Estava eu a dormitar, mais para lá do que para cá, quando senti um arrepio na espinha sem saber se estava a sonhar ou acordado porque descobri que, para mal dos meus pecados, eu também sou um “ele”. E
este ano esse “ele” é bem importante. “Ele”, aquele que se vai levantar da cama, enfiar uma roupa limpinha, sair à rua faça chuva ou faça sol, se dirija à escola local, sede da Junta de Freguesia ou até, em caso de recurso, à capela mortuária, se deixe ficar na fila de máscara colocada a aguardar a sua vez para ser identificado e depois lhe entregarem um papelinho onde vai pôr uma cruzinha (se quiser pôr, porque tem esse direito) e onde quiser, mesmo que não escolha os quadrados. Porque “ele”, o “eleitor”, é uma espécie rara em vias de extinção. Não basta estar inscrito como eleitor para o ser. É preciso ir lá, votar, caso contrário não conta, a não ser para efeito das estatísticas. Basta olhar para o nível da abstenção em eleições autárquicas, tal como noutras eleições e que tem vindo a subir de ano para ano. Se continuar assim, temos de concluir que o “eleitor” é cada vez mais valioso. Neste ritmo crescente dos preguiçosos e desiludidos da política, qualquer dia só aparecem os candidatos e famílias, para se elegerem a si próprios …

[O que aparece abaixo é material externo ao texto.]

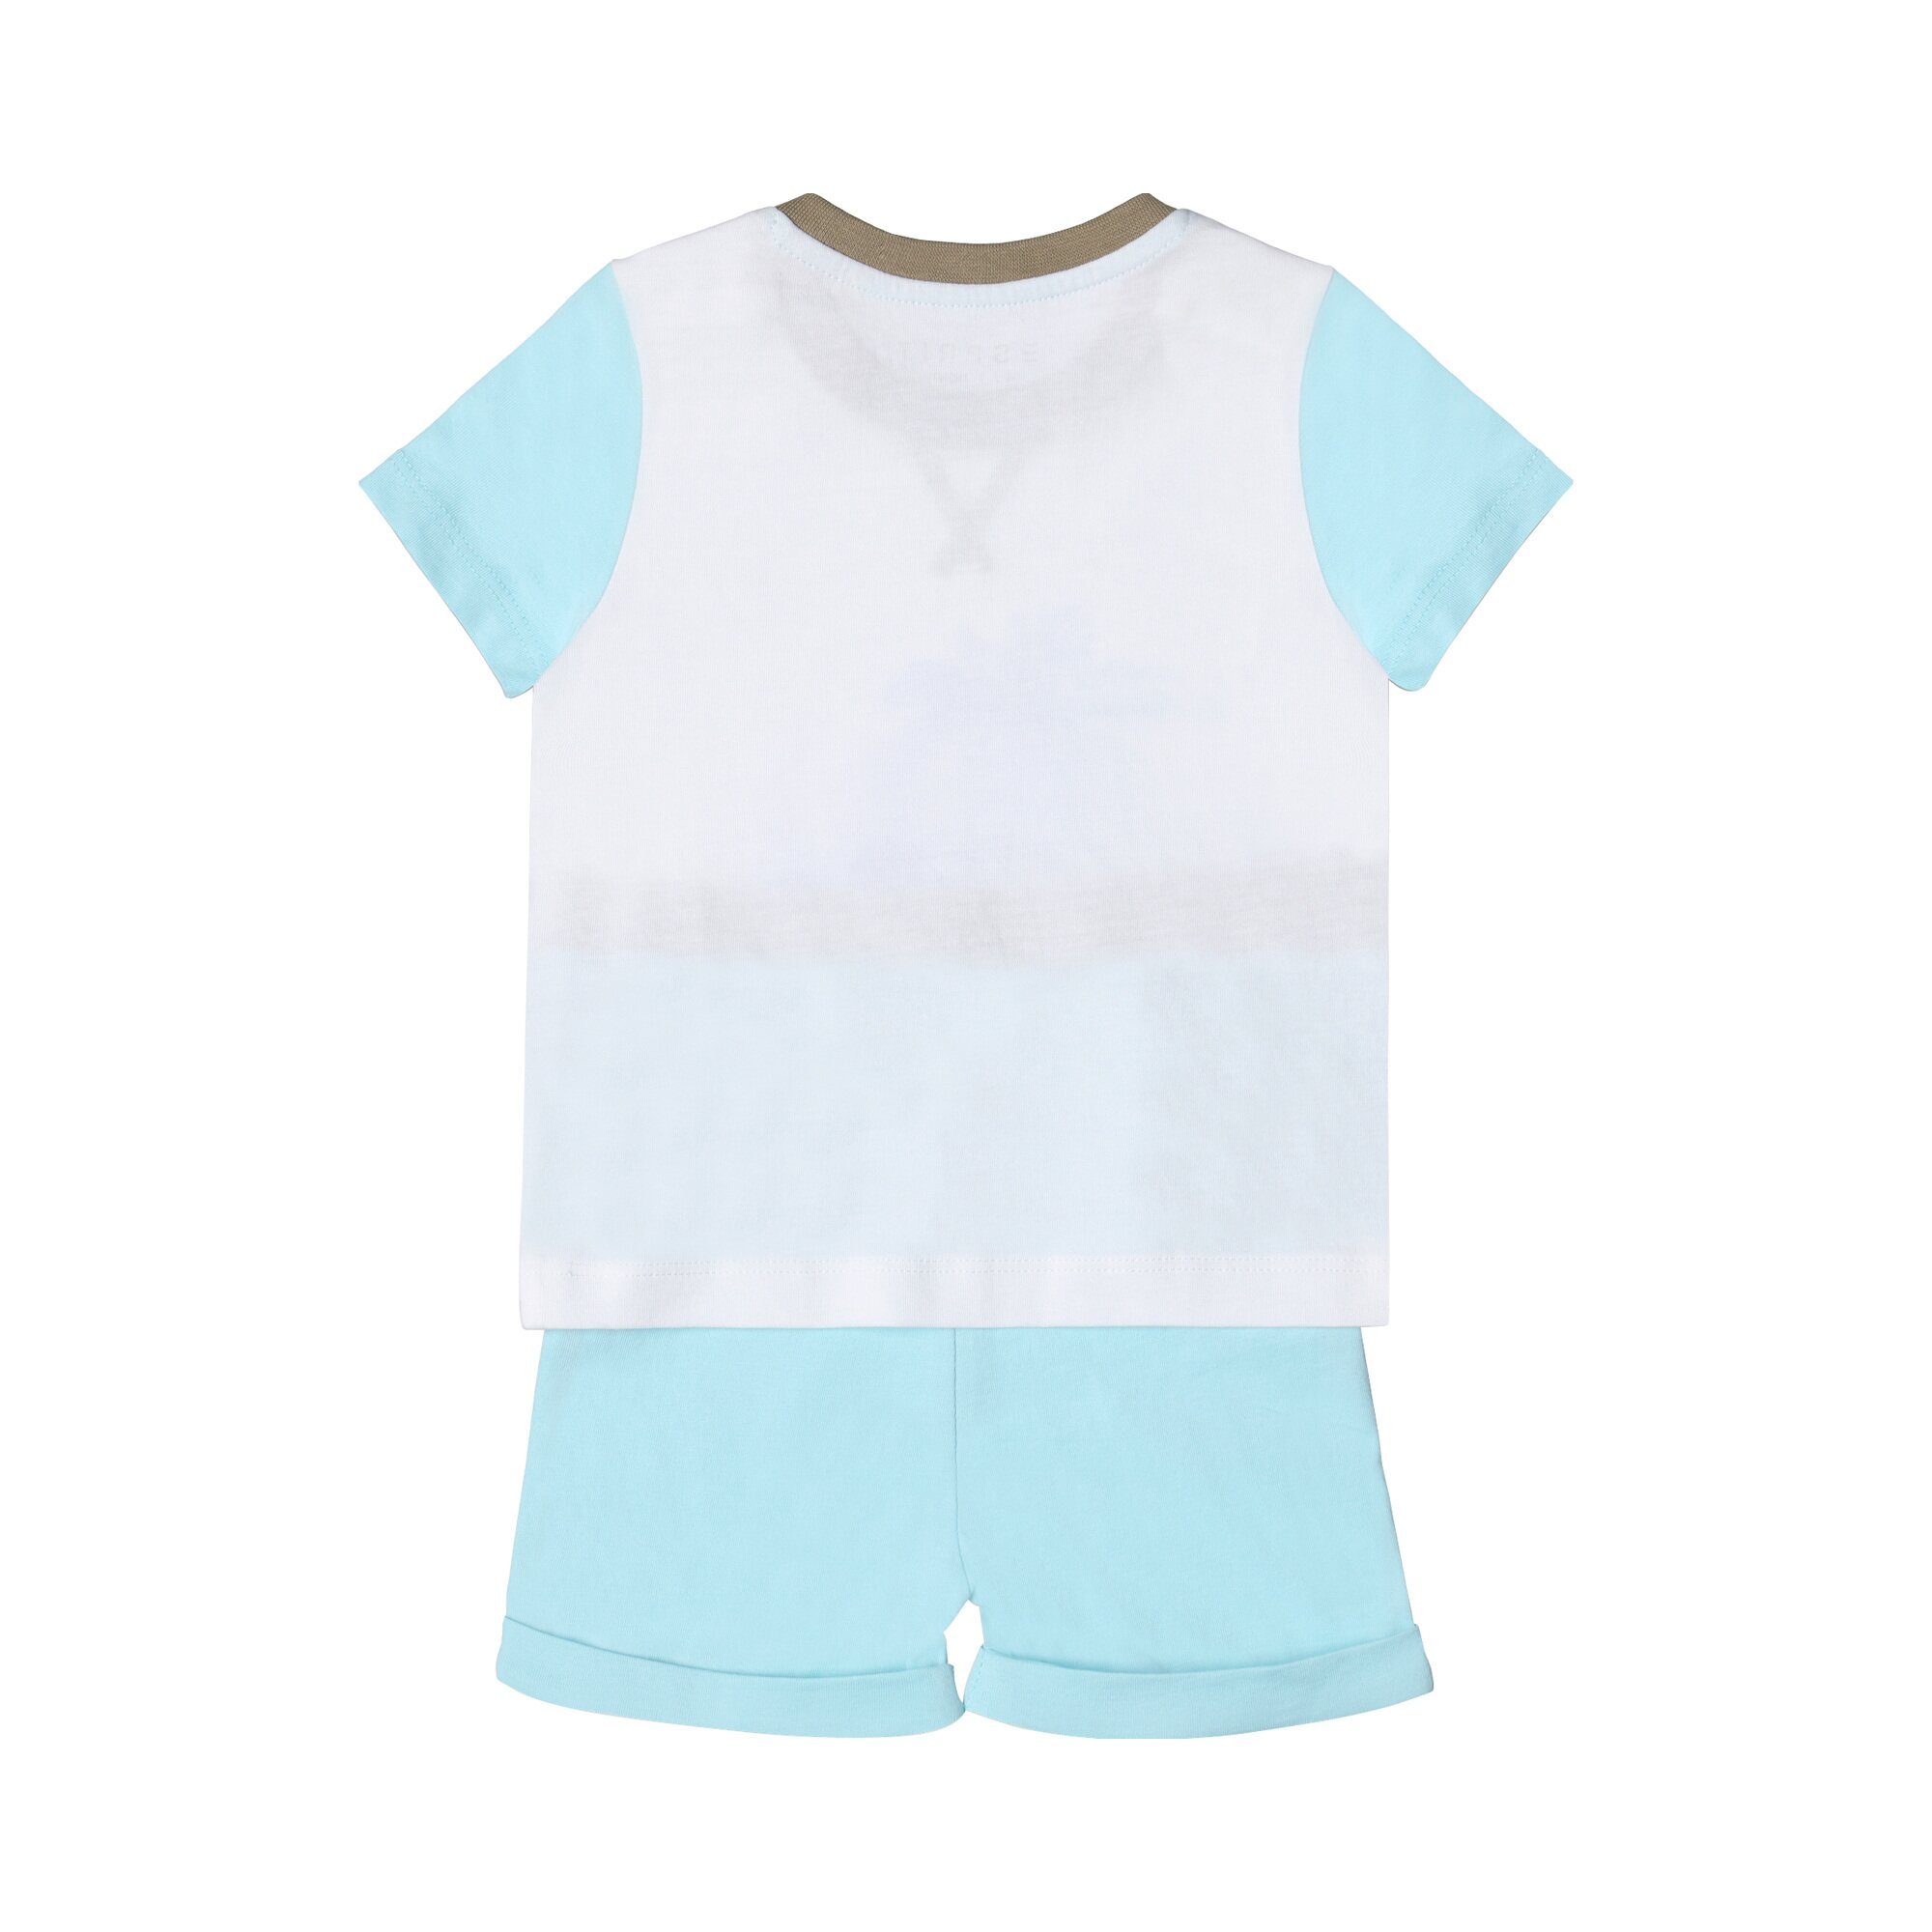 esprit-2-tlg-set-t-shirt-und-shorts-palmen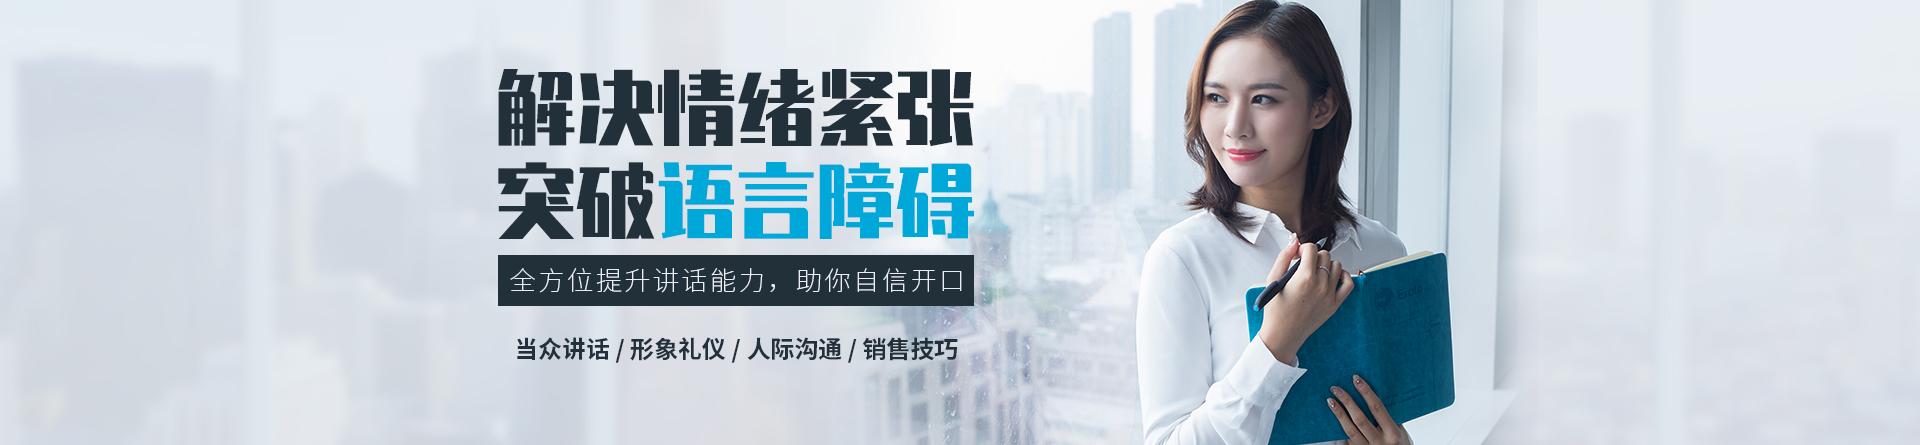 杭州新励成口才培训

Ora o “eleitor”, como espécie rara que é, precisa de ser acarinhado, bem tratado, compensado por ter saído da cama só para botar uma cruzinha no boletim de voto, mesmo que não acerte no quadrado. É que ele tem de fazer um grande esforço para escolher, talvez não o melhor, mas o menos mau dos candidatos. Mais ainda, se por acaso sair num dia estival que convida a uma ida à praia, é precisa muita força de vontade para resistir à mulher e filhos que querem lá saber da “botação”. Para atrair esta espécie rara e levá-los a votar, já que não se podem atrair “pelo cheiro da comida” como se fazia nos dias de comício ou convívios partidários, nem pelas “cantigas ao desafio” ou pelo “cheiro a bacalhau” do Quim Barreiros, seria oportuno copiar os americanos de Nova Iorque e pagar 100 euros a cada um para os atrair e levar a votar …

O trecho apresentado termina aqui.